France Insider/Paul Ben-Itzak

May 12, 2009

The best view of the Eiffel Tower sits on the House of Air

François Truffaut’s 1959 “The 400 Blows” starts with a declaration of love. Not for the troubled enfance whose eloge he’s about to sing, but for the City of Paris in which the saga of Antoine Doinel — four more films, following Antoine and his many travails with his many loves through to the age of 34, would come over the next 20 years — is about to unroll. (In a later chapter of the cycle, “Stolen Kisses,” Truffaut shares another perspective, following a love letter on its trajectory through the underground pneumatic system.)
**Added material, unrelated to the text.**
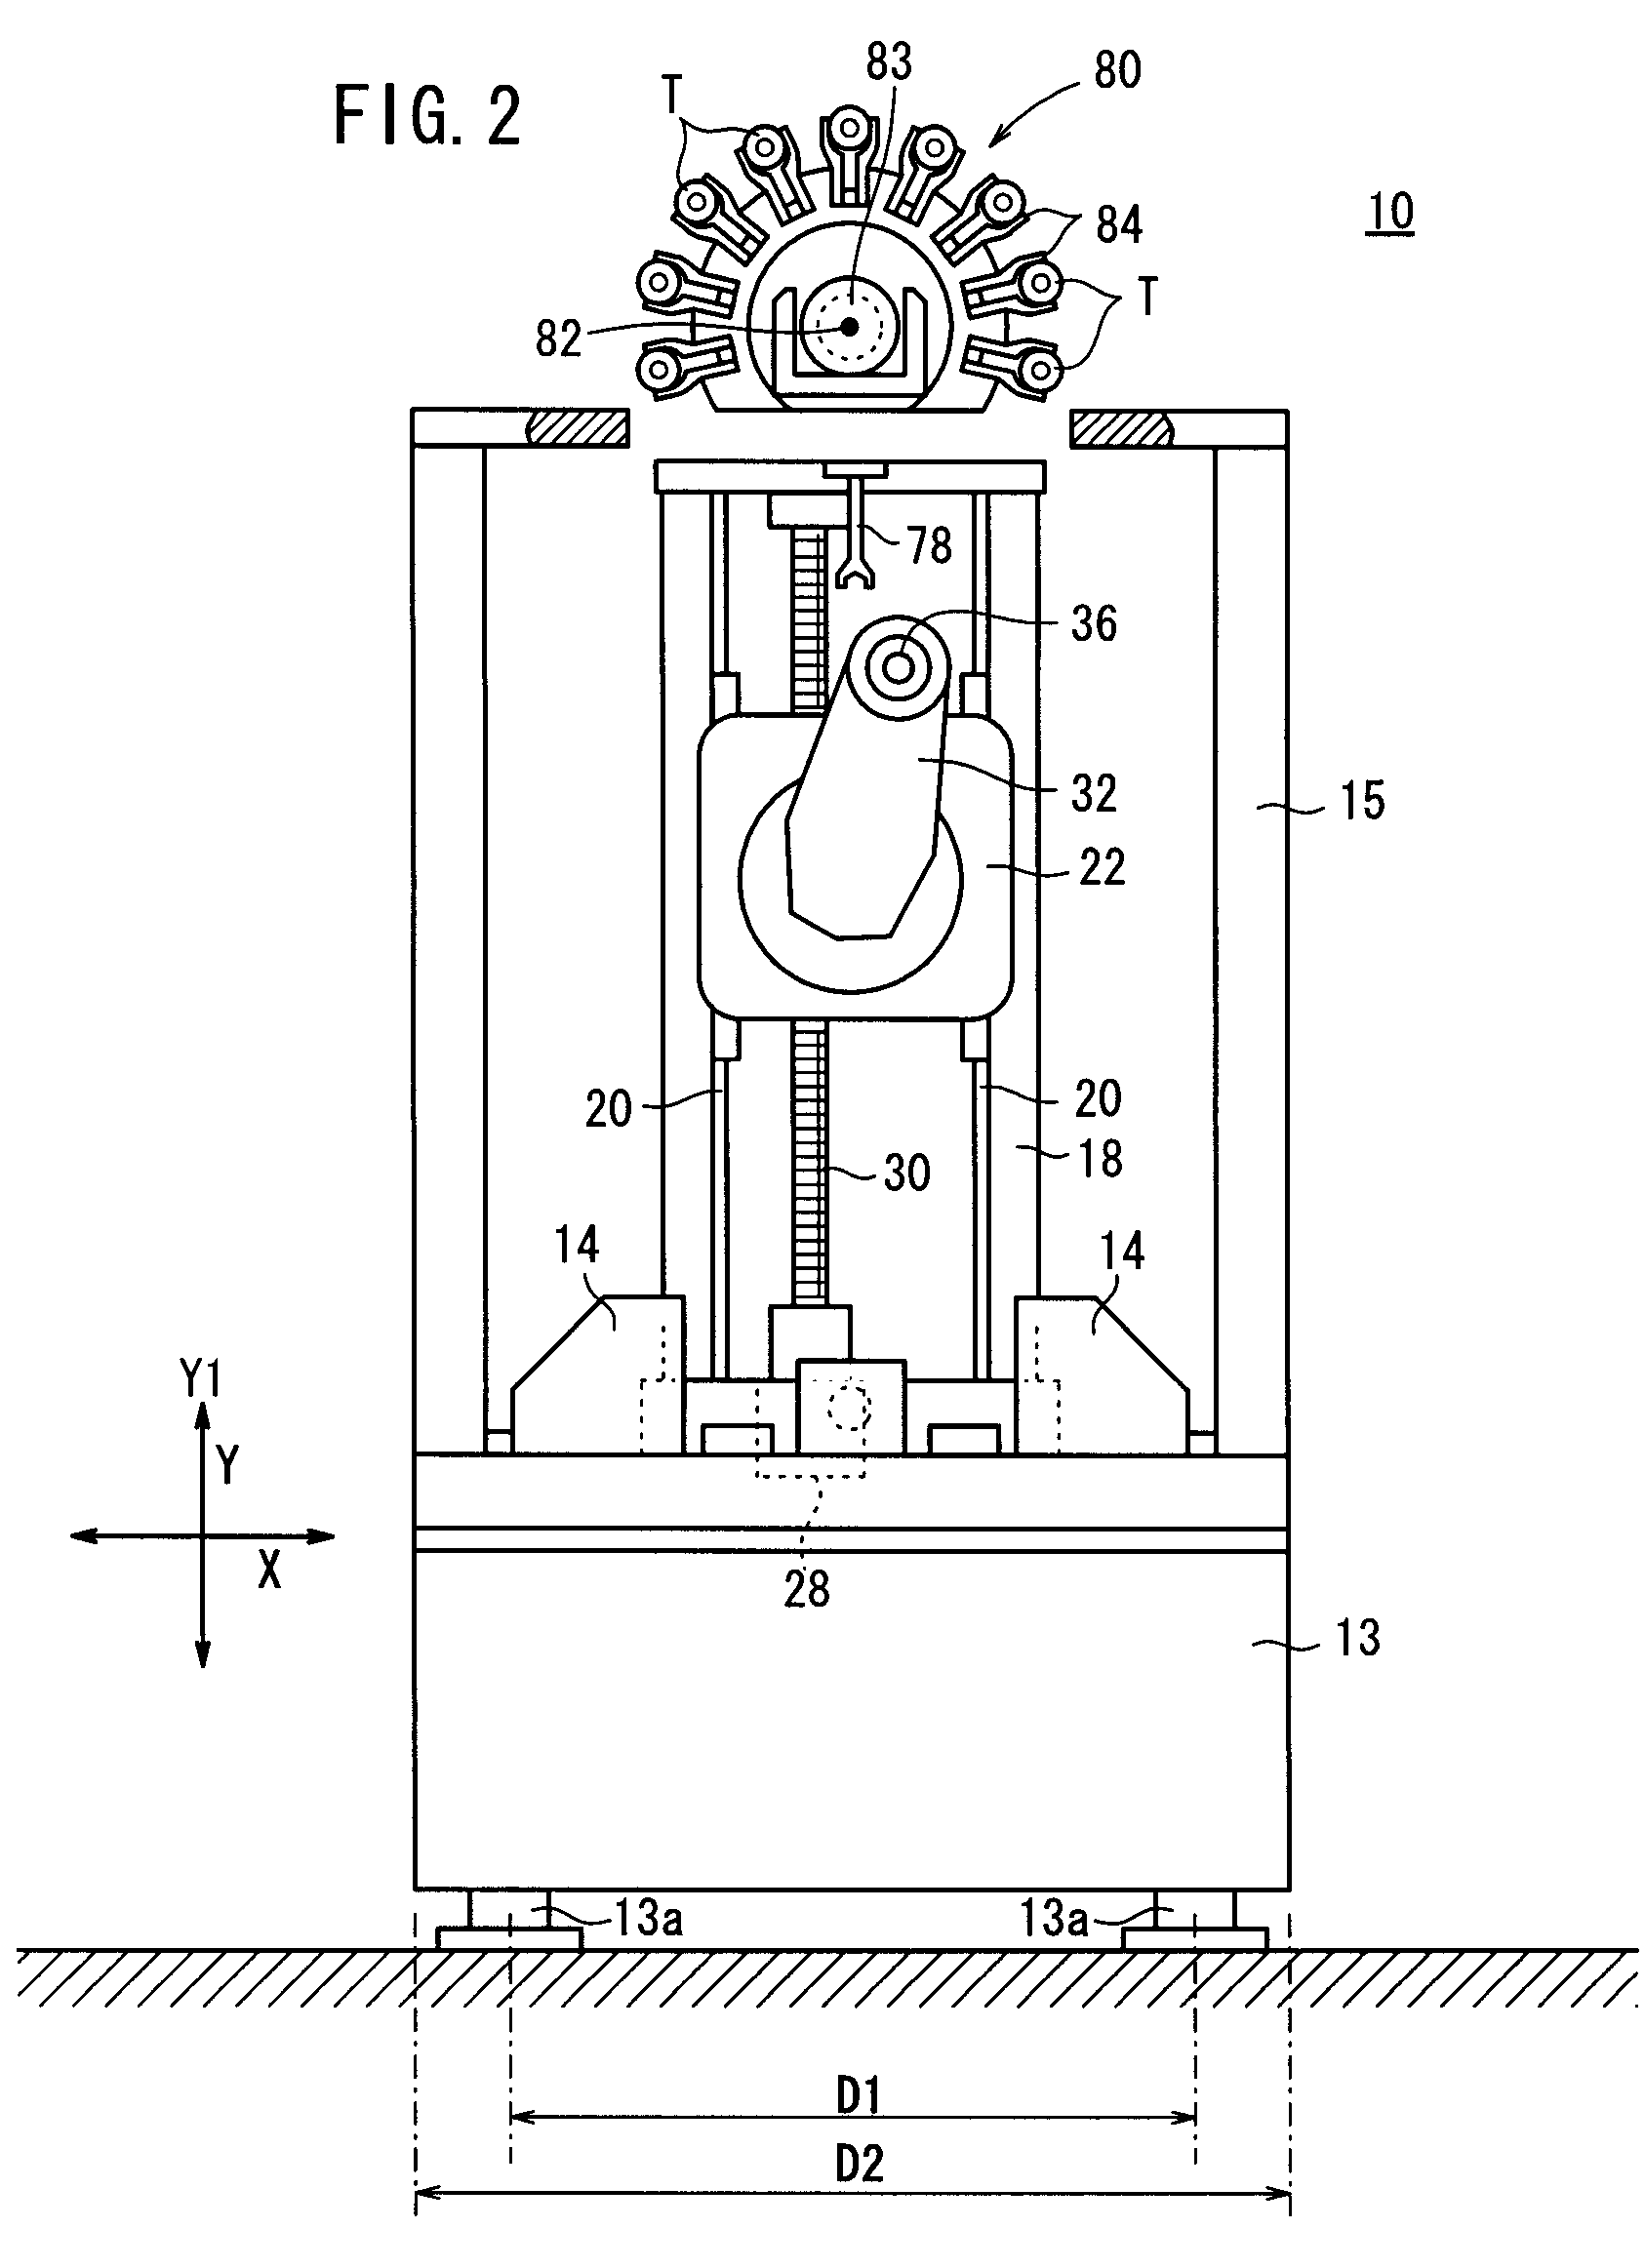 Machine tool including a Z-table and processing spindle rotatably supported on a rotation arm

I thought of that great sweeping pan of a panorama this afternoon when I took my thermos coffee on the plateau atop the Maison de l’air that looks out past the descending fountains of the parc Bellevue in the 20th arrondissement and towards the fullest and most glorious view of the Eiffel Tower in Paris. (Yes I know, close-up from the Place Trockadero across the River is cool too, but in Bellevue you don’t have to deal with the tourists. Unless you tell.) At 120 years, Gustave Eiffel’s dream sure looks good. It’s hard to imagine that the defining, most outstanding feature in the Paris skyline — with all respect to the blue and red monstrosity of the Centre Pompidou, which looks like a hippy relic who forgot to pack up his tent — was once greeted with horror by Maupassent (that anti-Semite) and others, much as old fogies like me wince at any prospect of changing our beloved Paris.